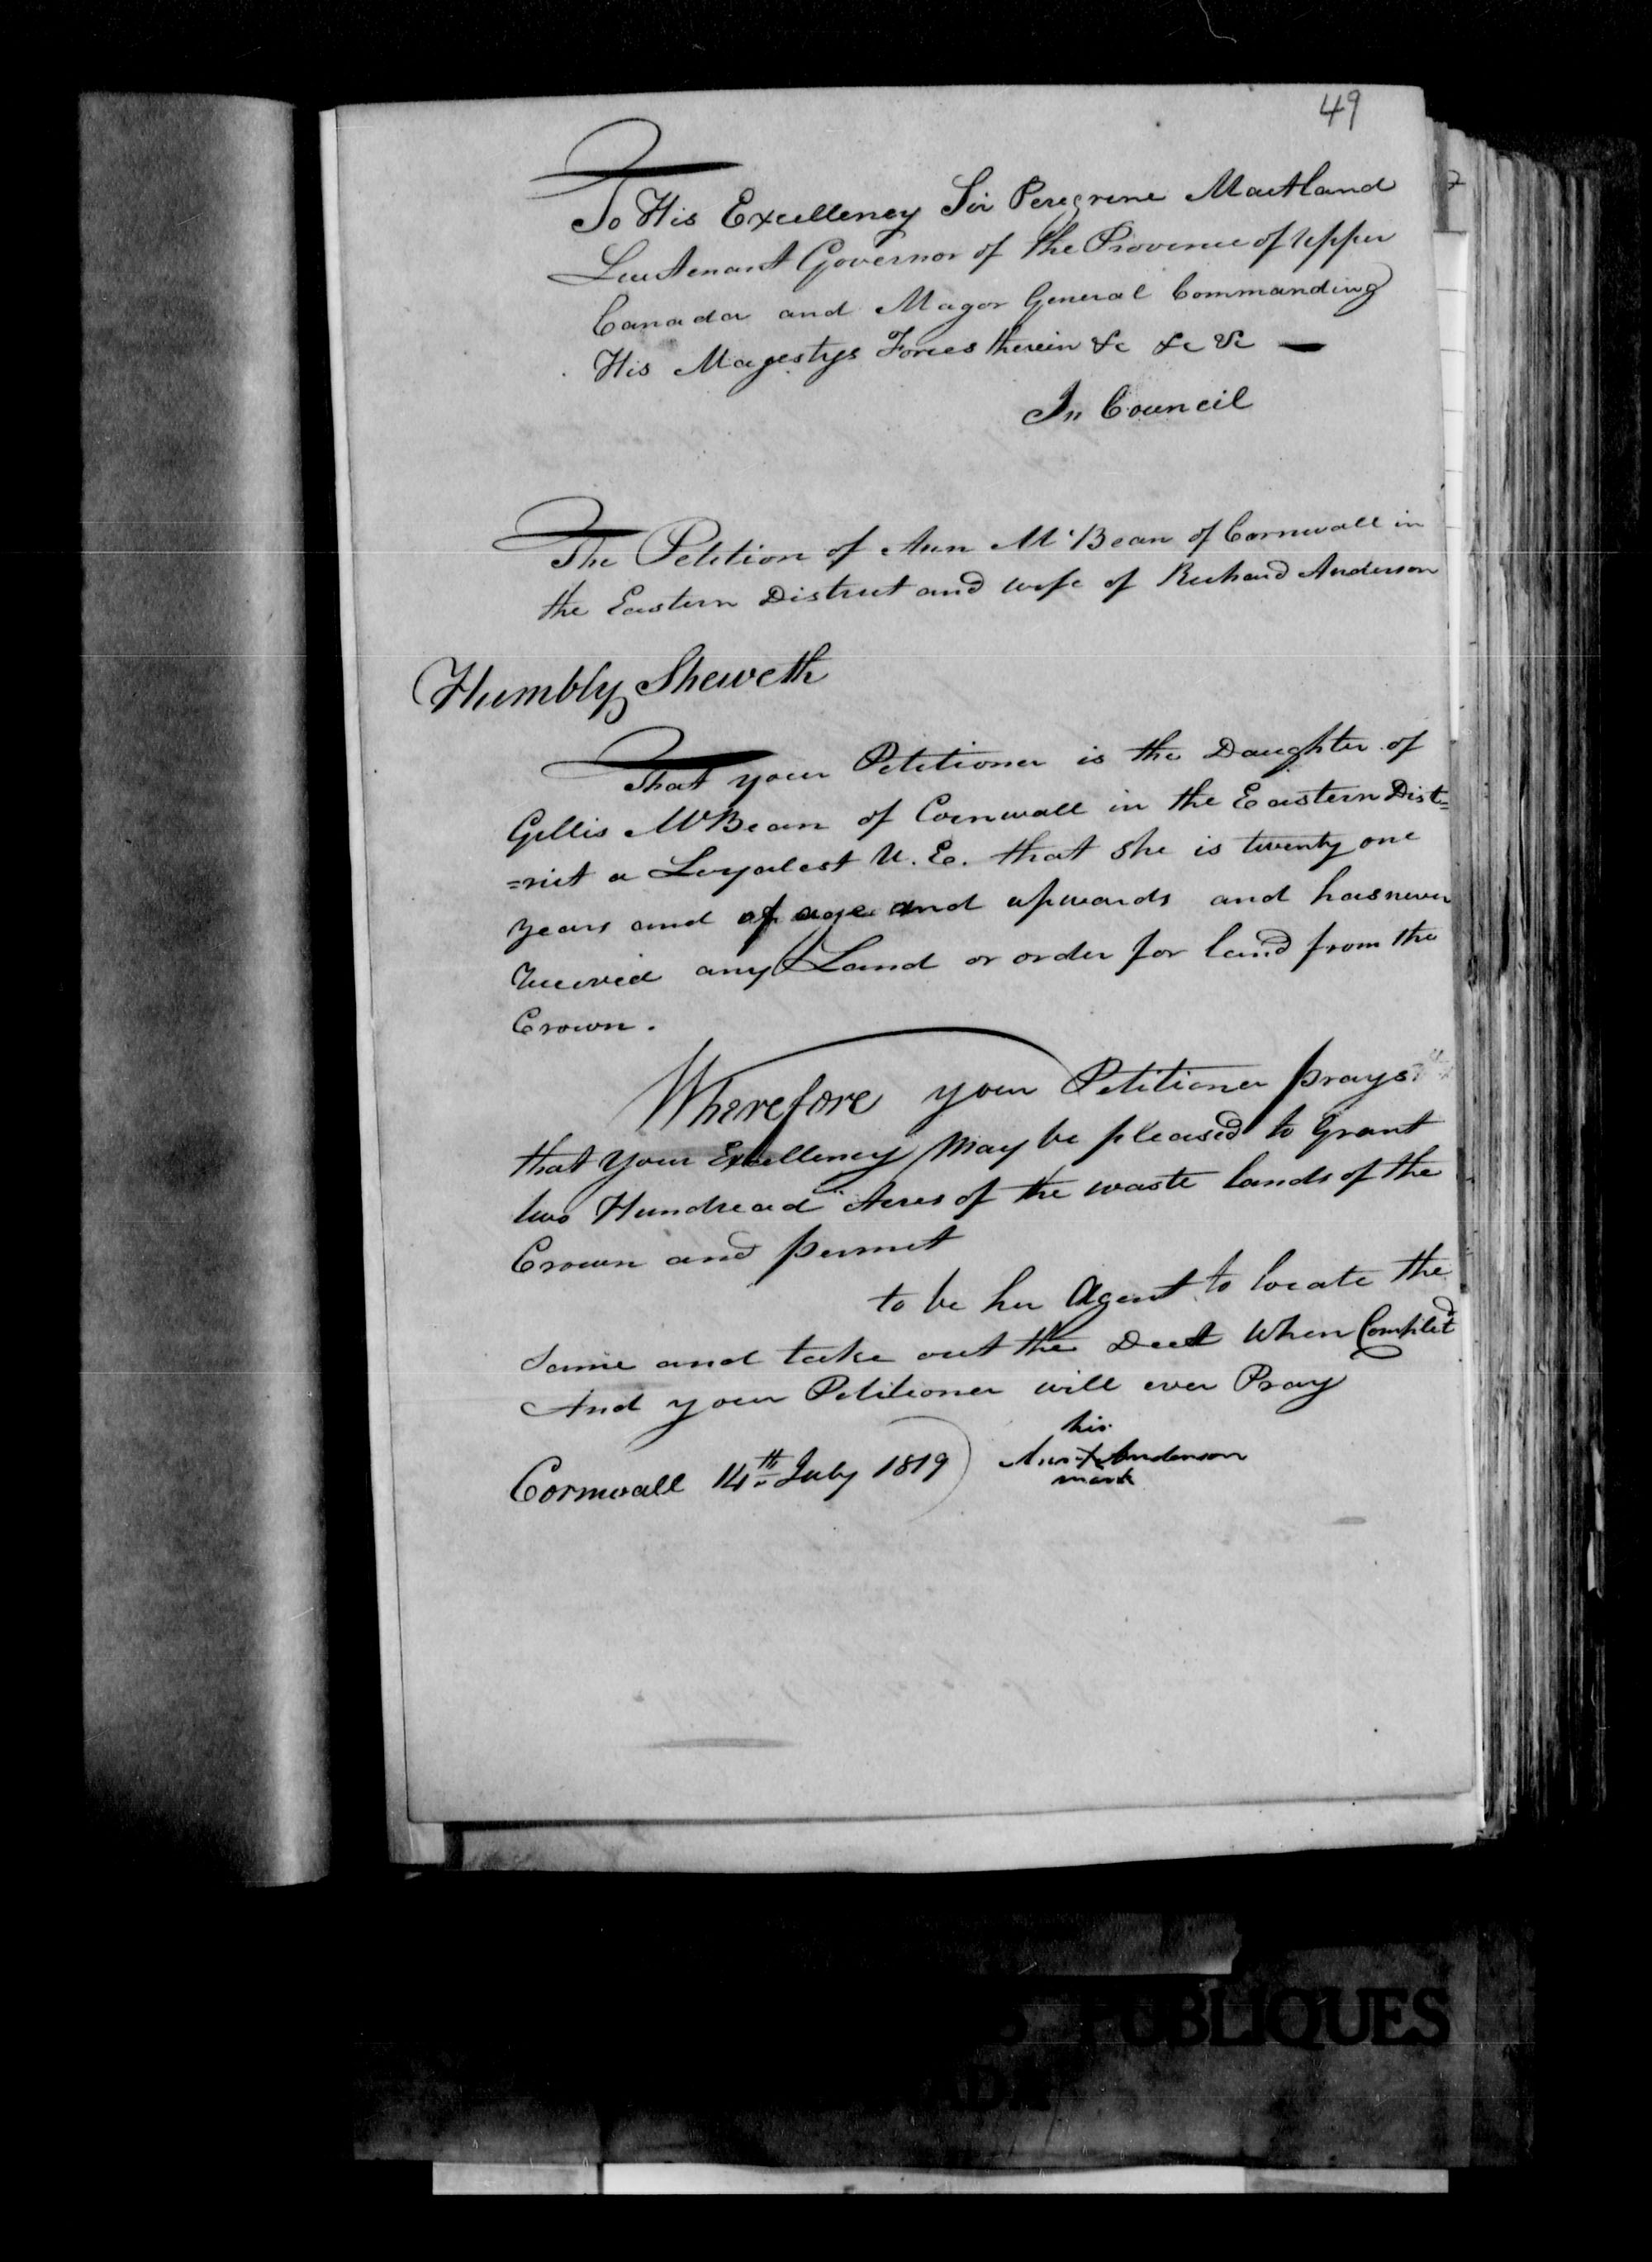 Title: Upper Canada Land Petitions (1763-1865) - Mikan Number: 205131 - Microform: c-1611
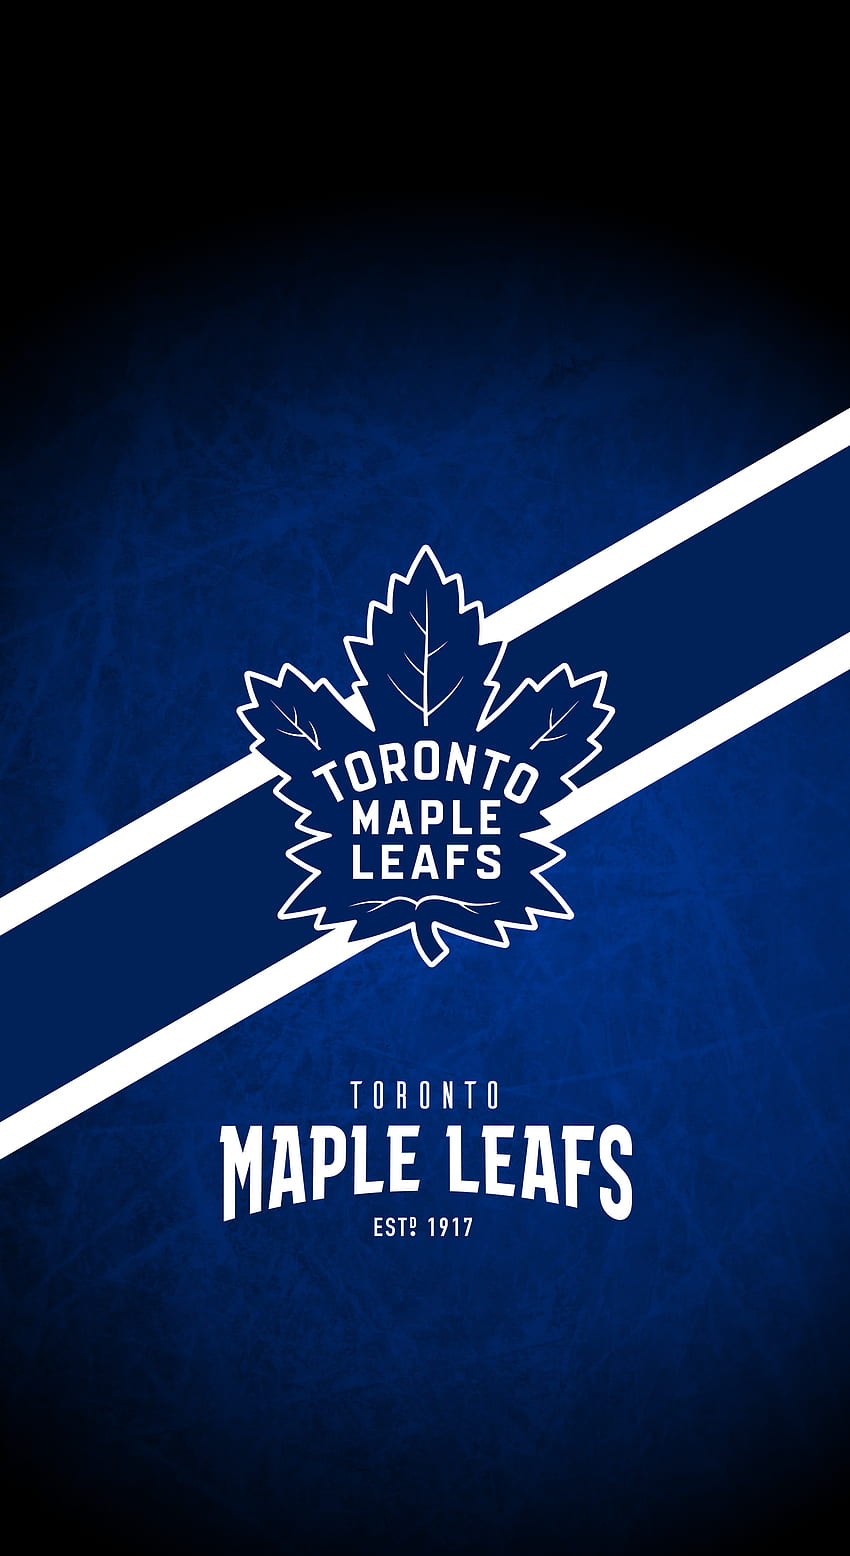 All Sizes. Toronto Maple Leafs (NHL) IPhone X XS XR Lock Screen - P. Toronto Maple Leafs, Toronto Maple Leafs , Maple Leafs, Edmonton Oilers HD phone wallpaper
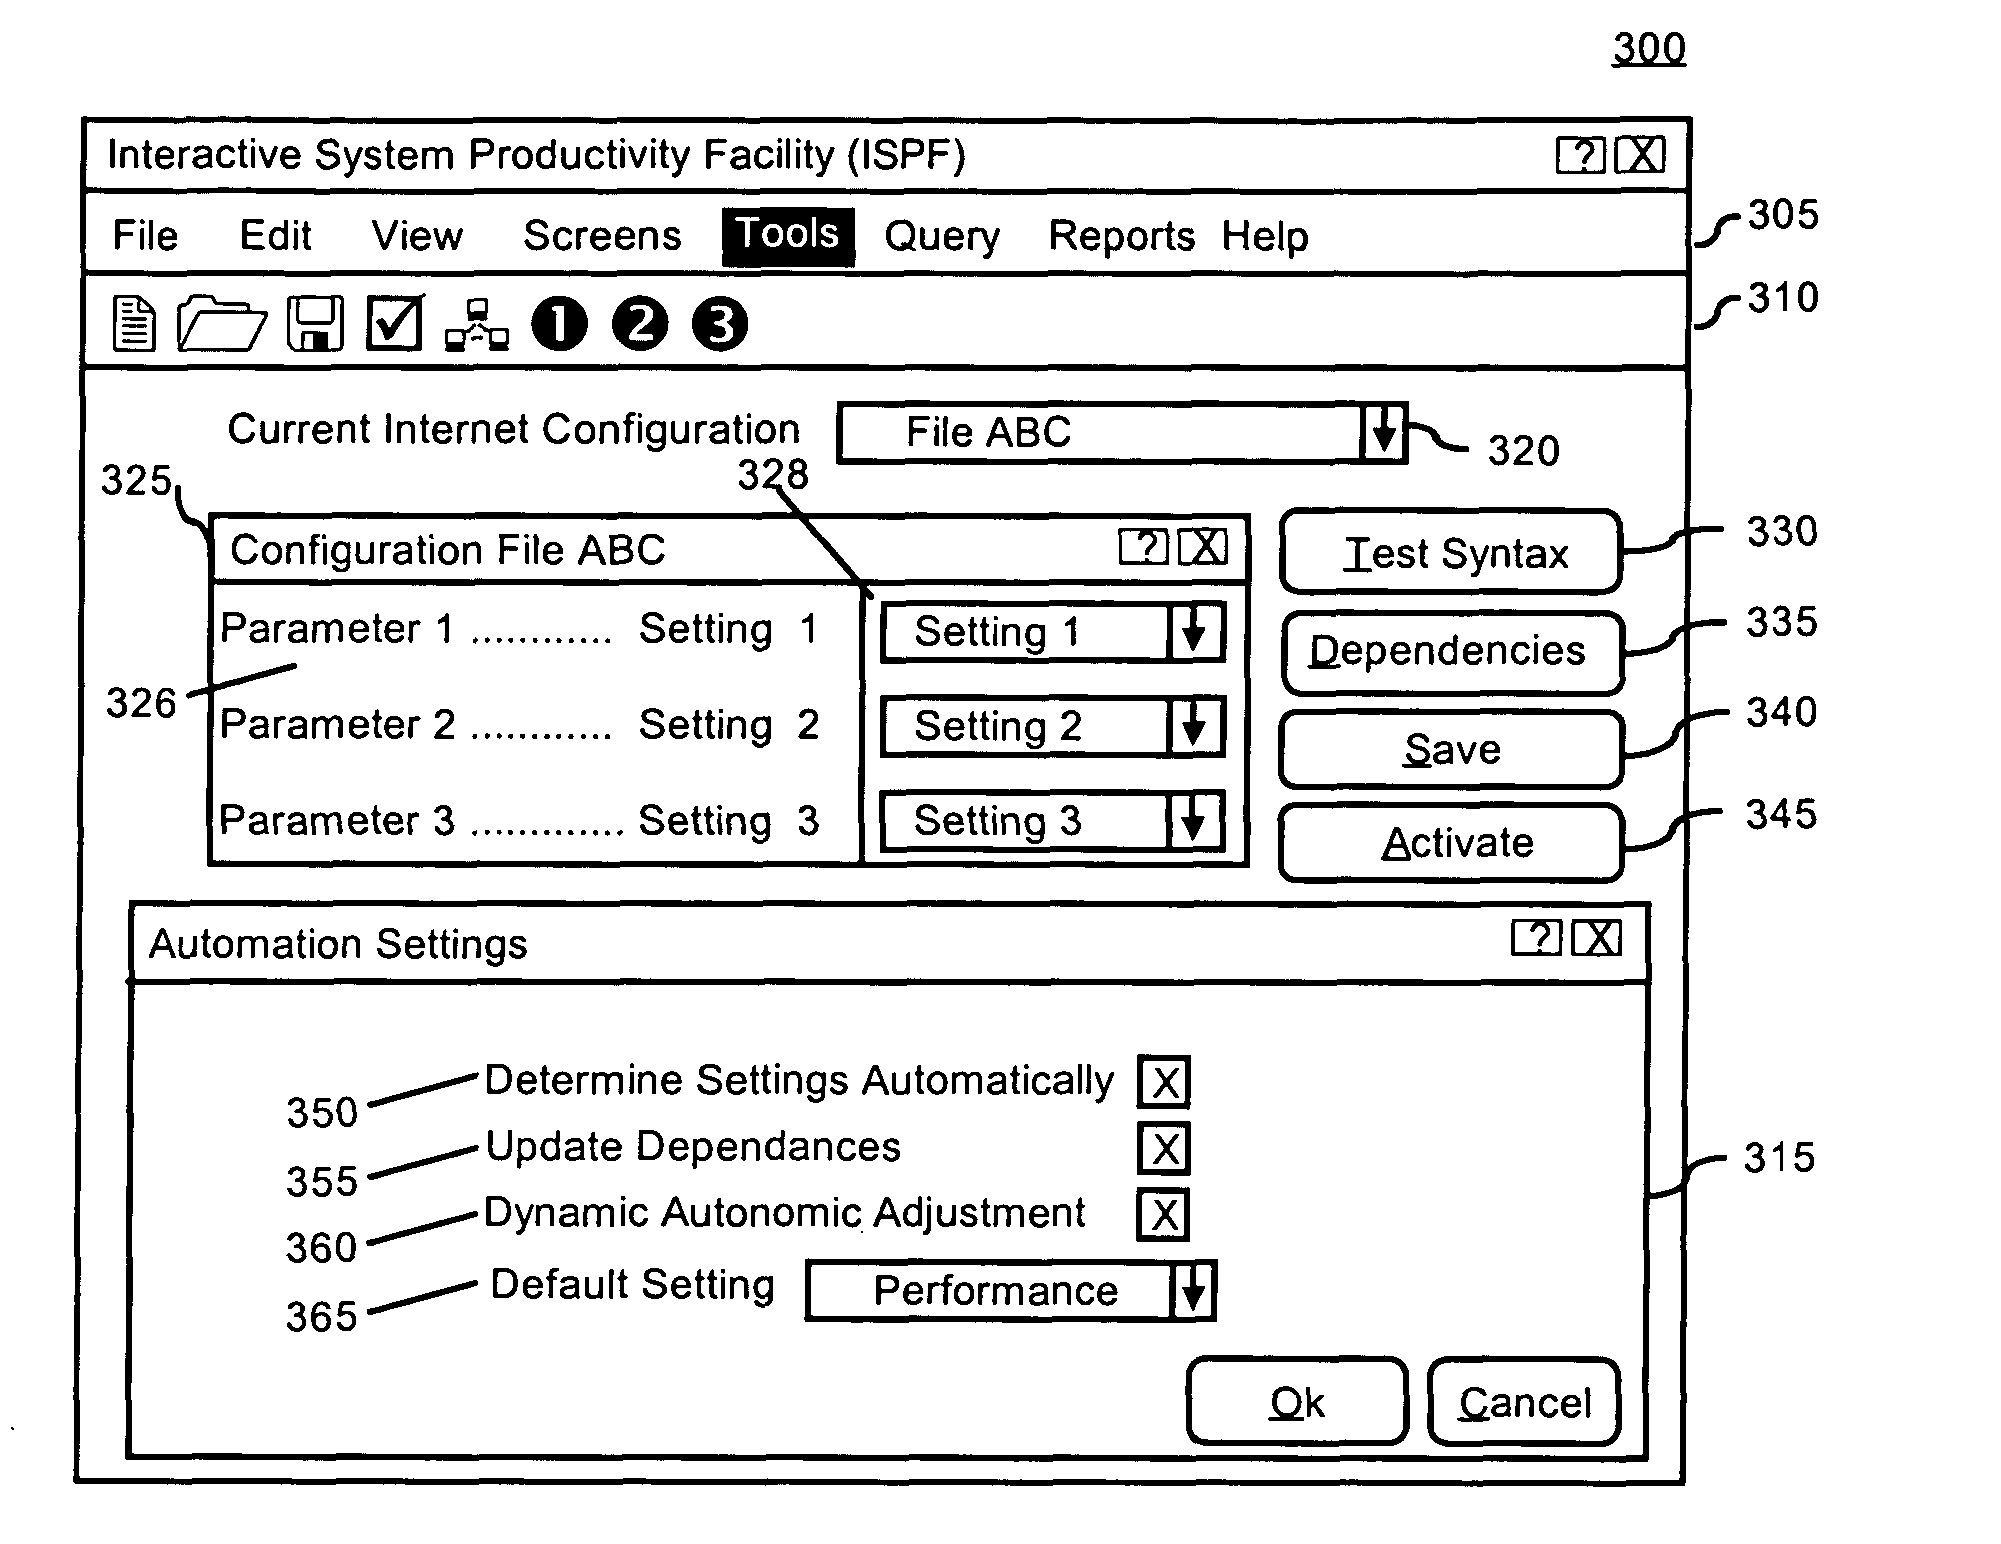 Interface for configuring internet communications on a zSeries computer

^^^^^^^^

WORK INSTRUCTIONS: Word for word, repeat the lines of data above, omitting every picture.

TASK RESPONSE:
 Title: Upper Canada Land Petitions (1763-1865) - Mikan Number: 205131 - Microform: c-1611
 All Sizes. Toronto Maple Leafs (NHL) IPhone X XS XR Lock Screen - P. Toronto Maple Leafs, Toronto Maple Leafs , Maple Leafs, Edmonton Oilers HD phone wallpaper
 Interface for configuring internet communications on a zSeries computer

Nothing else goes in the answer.